Artificial intelligence detects wrist fractures
Artificial intelligence (AI) is used in an increasing number of domains. The computer-based data processing systems help to make work processes more effective and faster. Some even see AI systems as the future of the working world turned upside down, with the human factor soon to be replaced by the computer. At the same time, the internet laughs at AI software that cannot tell a cat from a dog. Has AI even outgrown its infancy yet? Indeed, with the help of machine learning, large amounts of data can already be analysed and processed accurately today. Medicine also benefits from this.
At the Ludwig Boltzmann Institute for Traumatology, the research centre in cooperation with AUVA (LBI Trauma), scientists have investigated whether the evaluation of X-ray images of wrist fractures by an AI programme actually provides results that are as reliable as the diagnosis by an experienced doctor.
The distal radius fracture, a fracture of the radius, is the most common fracture in adults. If the fracture is subtle, such as a hairline fracture, diagnostic errors can occur. “Unfortunately, overlooked fractures are among the most common errors in diagnosis in the trauma department, where it is often stressful and the work pressure is high,” says Dr Rosmarie Breu, lead author of the study. Yet, trauma surgeons should be able to diagnose a fracture quickly in order to prevent, for instance concomitant injuries to the nerves. After all, an overlooked wrist fracture can have long-lasting medical consequences for those affected. Can artificial intelligence support doctors in their diagnosis by acting as a “second opinion”?
As part of a research project funded by the Vienna Business Agency, LBI Trauma and the company ImageBiopsy Lab have developed software that transforms X-ray images with corresponding findings into a statistical model. For the comparative study, the AI software was “trained” with around 20,000 anonymised X-ray images of the wrist with and without fractures. During this process, the software learns from human experts which images show a fracture and how they differ from images without a fracture.
Nine medical specialists, among who four are in training, then evaluated 200 randomly selected X-ray images of the wrist. “They first assessed the images without support,” Breu explains. Three weeks later, they assessed the same images again with the help of the AI software as a second opinion, the orthopaedist continues. The error rate in the diagnosis improved by around five percent with the support of artificial intelligence – the improvement was even more pronounced for doctors in training. These young doctors in particular were able to improve their diagnostic accuracy with the second opinion. With the AI software, they had the experience of their colleagues at hand, so to speak, who had trained the AI.

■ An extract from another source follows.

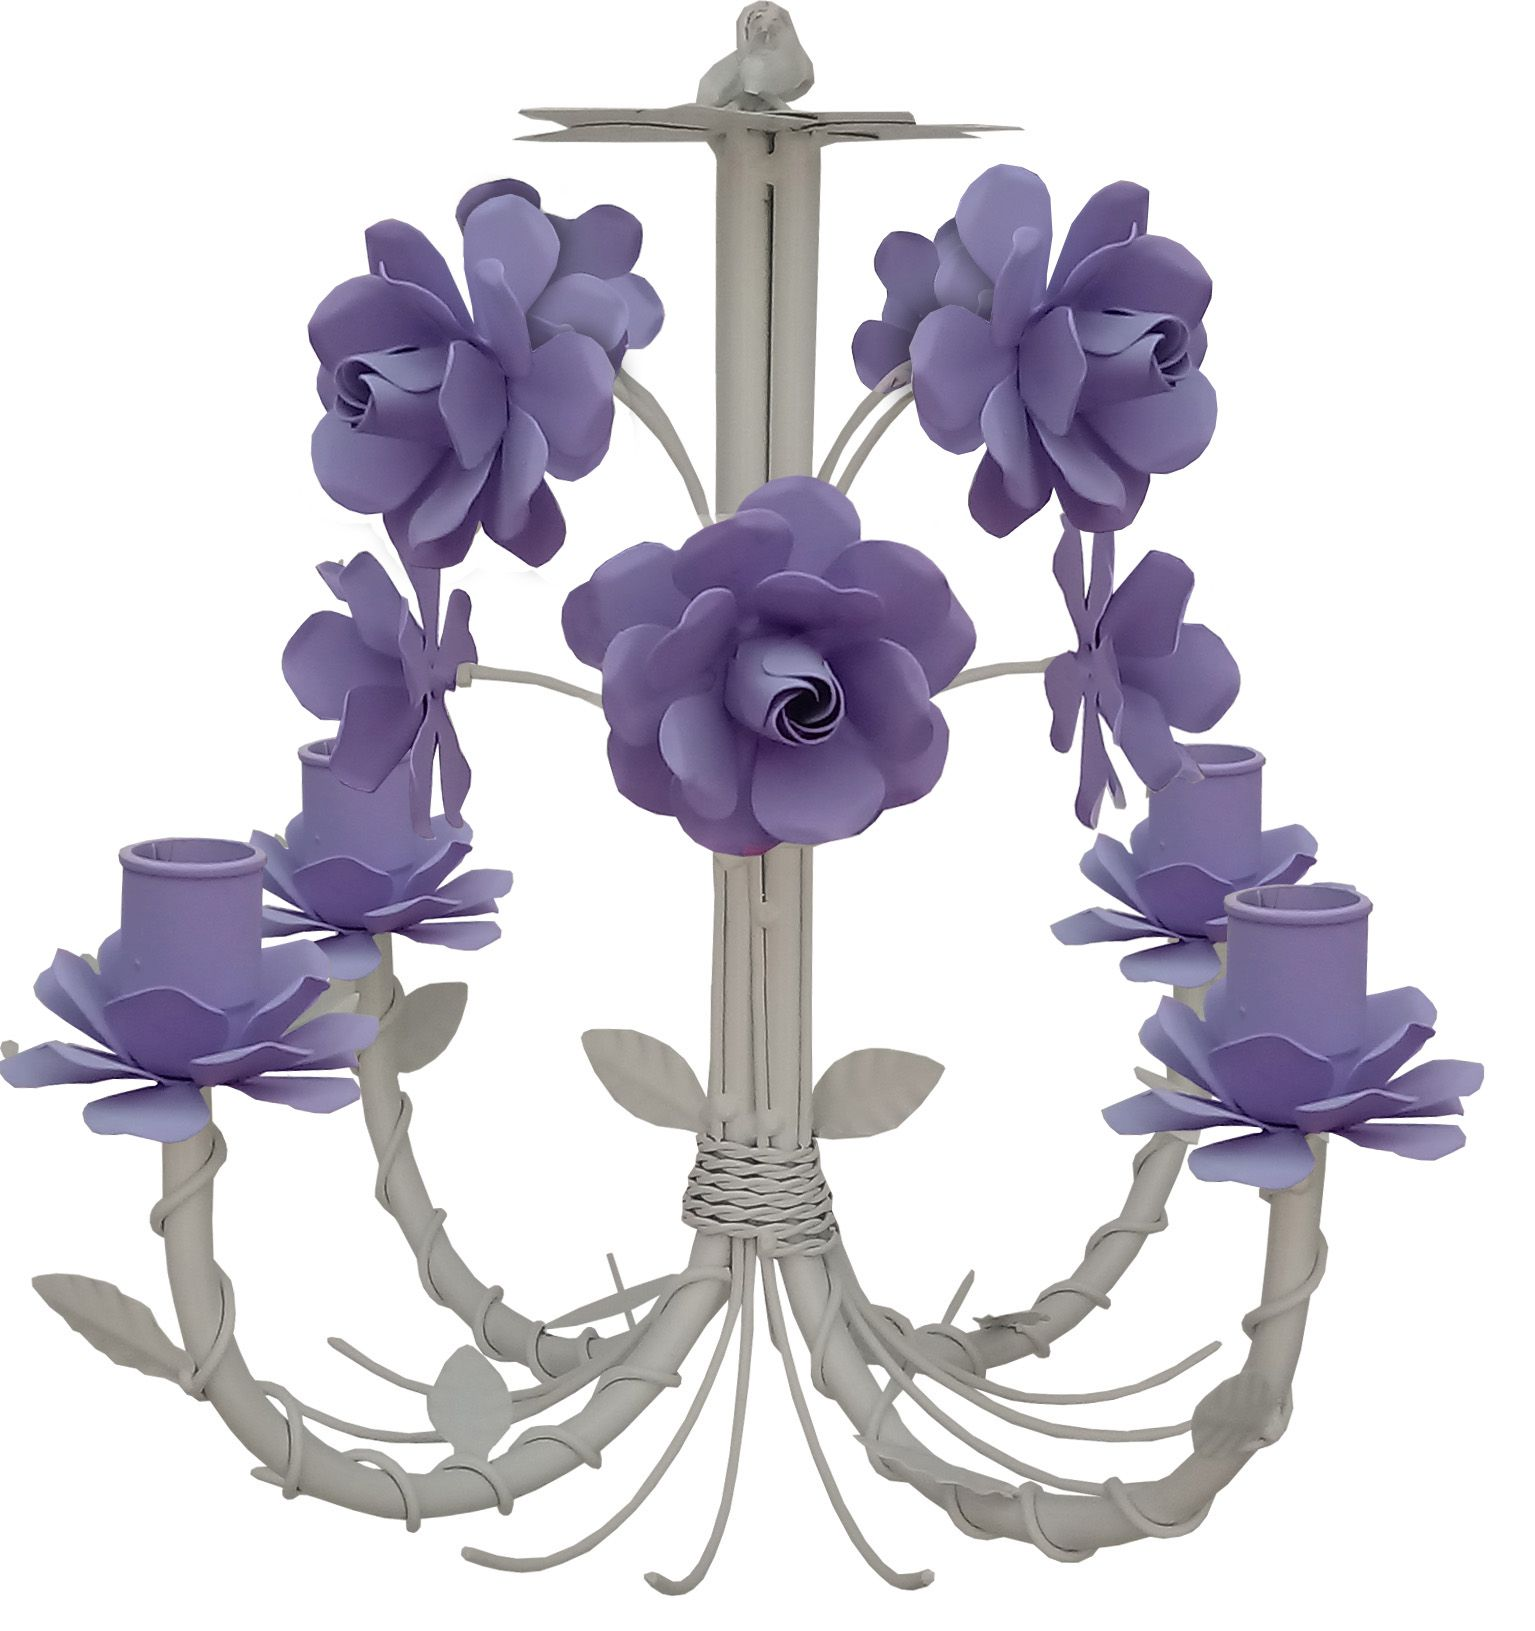 Lustre de Ferro com Rosas Simples para Decoração de Quarto Colorido

The researchers conclude from the data that the AI second opinion can improve an accurate diagnosis of wrist fractures that are difficult to see. What also becomes clear, however, is that the software is only as good as its trainers. It cannot outperform experienced doctors or even clinical examinations. As much hype as there is currently everywhere about AIs and their possibilities, humans as experts will remain irreplaceable in medicine for a long time to come.

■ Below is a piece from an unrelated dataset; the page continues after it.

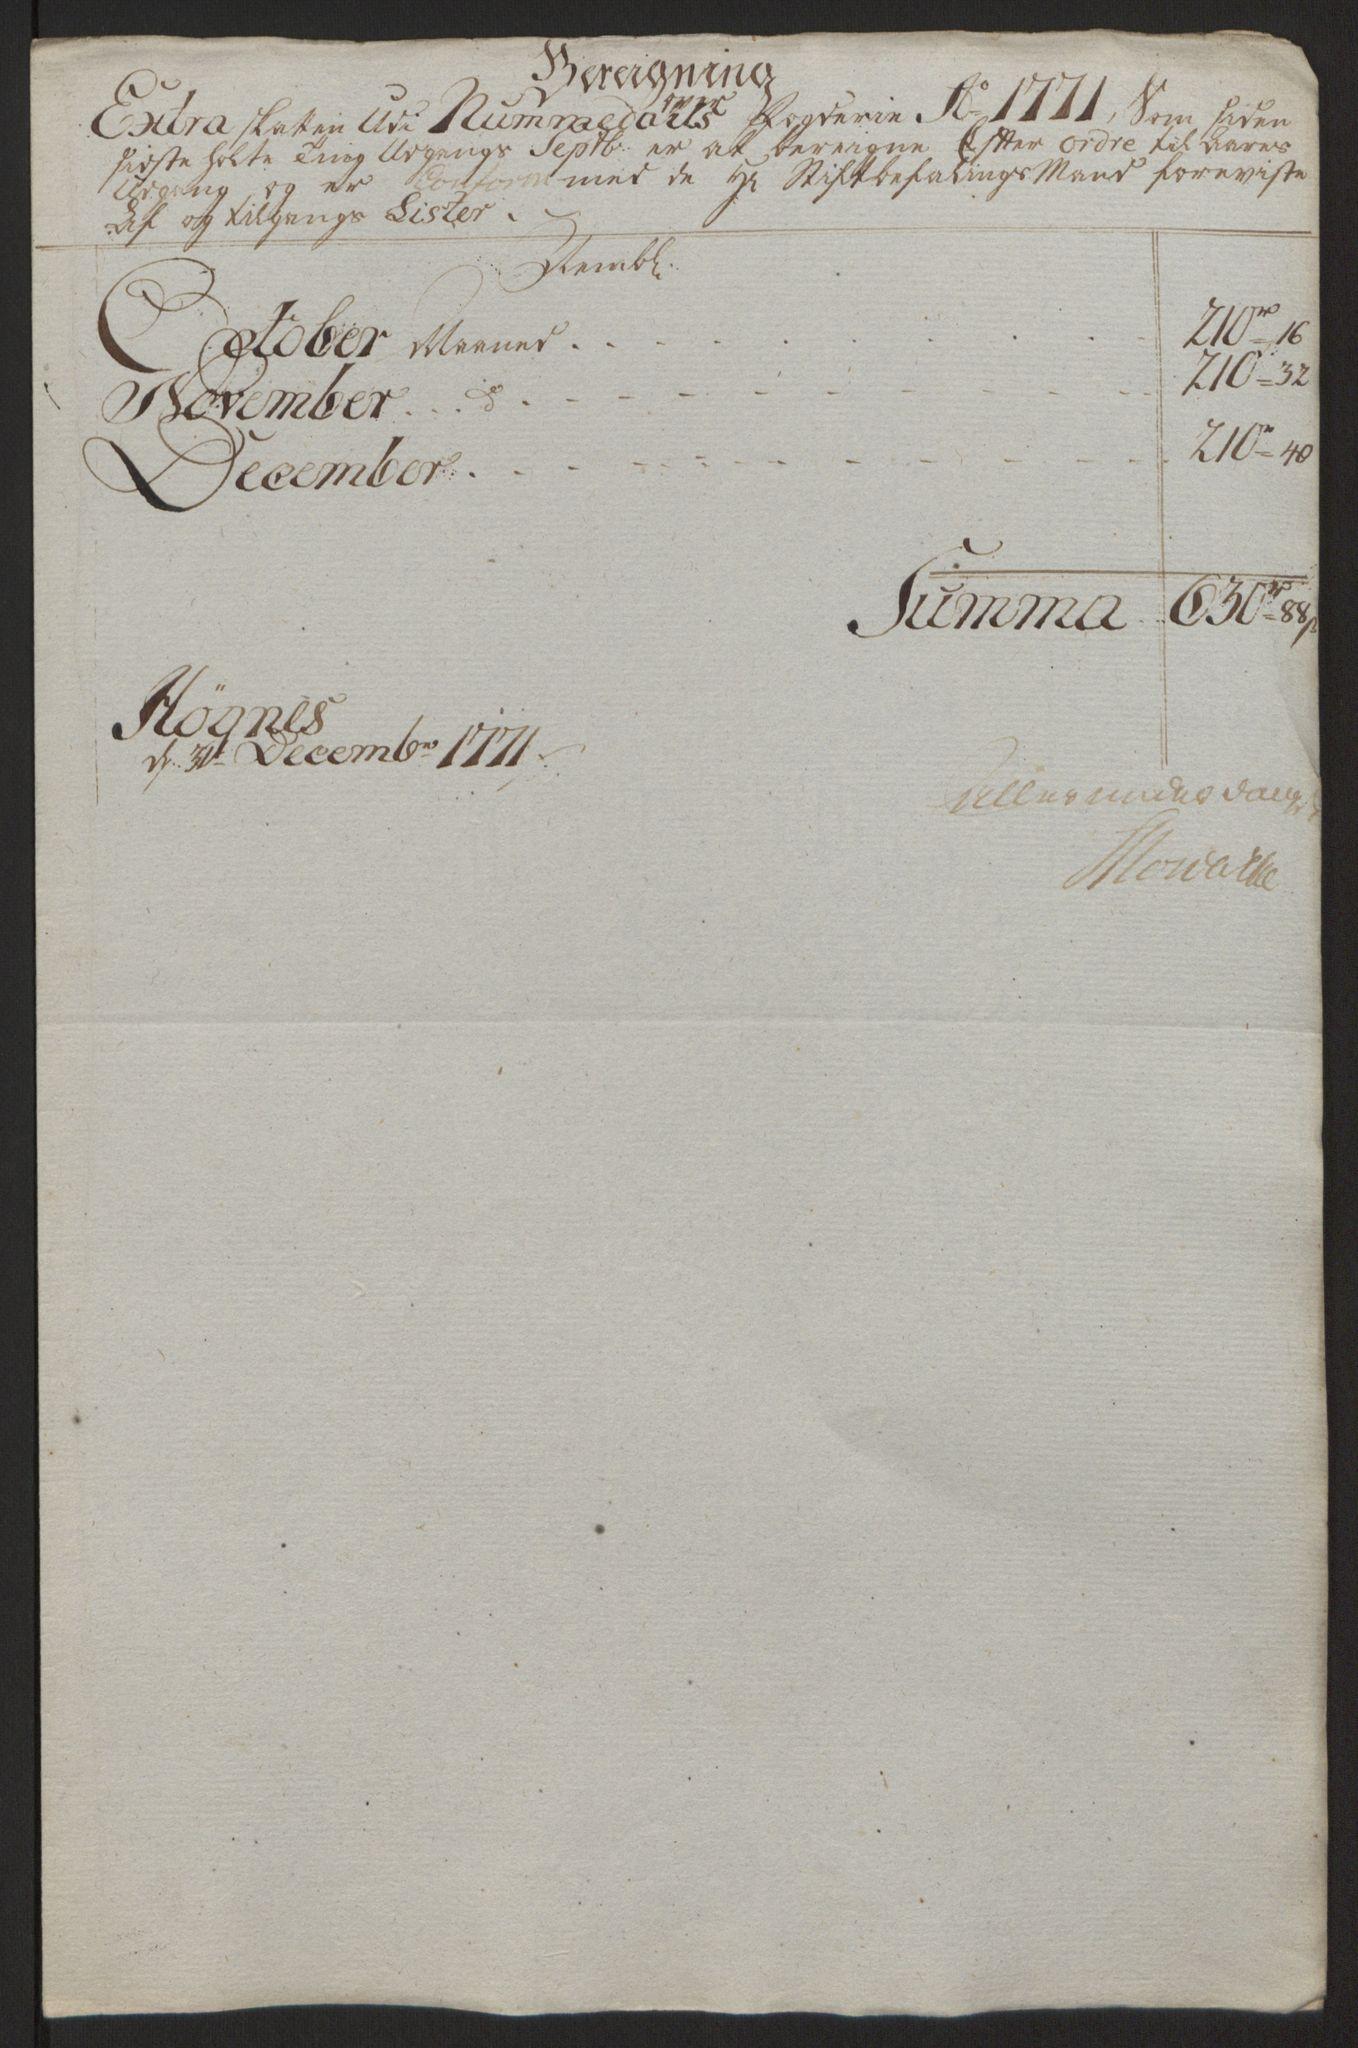 RA, Rentekammeret inntil 1814, Reviderte regnskaper, Fogderegnskap, R64/L4502: Ekstraskatten Namdal, 1762-1772, s. 420

What could the use of this AI look like in everyday clinical practice? “Ideally, the AI programme supports and optimises medical processes in the accident and emergency department,” says Breu. In addition to a significant reduction in missed fractures, diagnoses could be made faster and more accurately thanks to the AI second opinion. Until that happens, clinical studies have to test the accuracy and usefulness of artificial intelligence in diagnosing. In a next step, LBI Trauma wants to test the AI software in the detection of fractures in other regions of the body.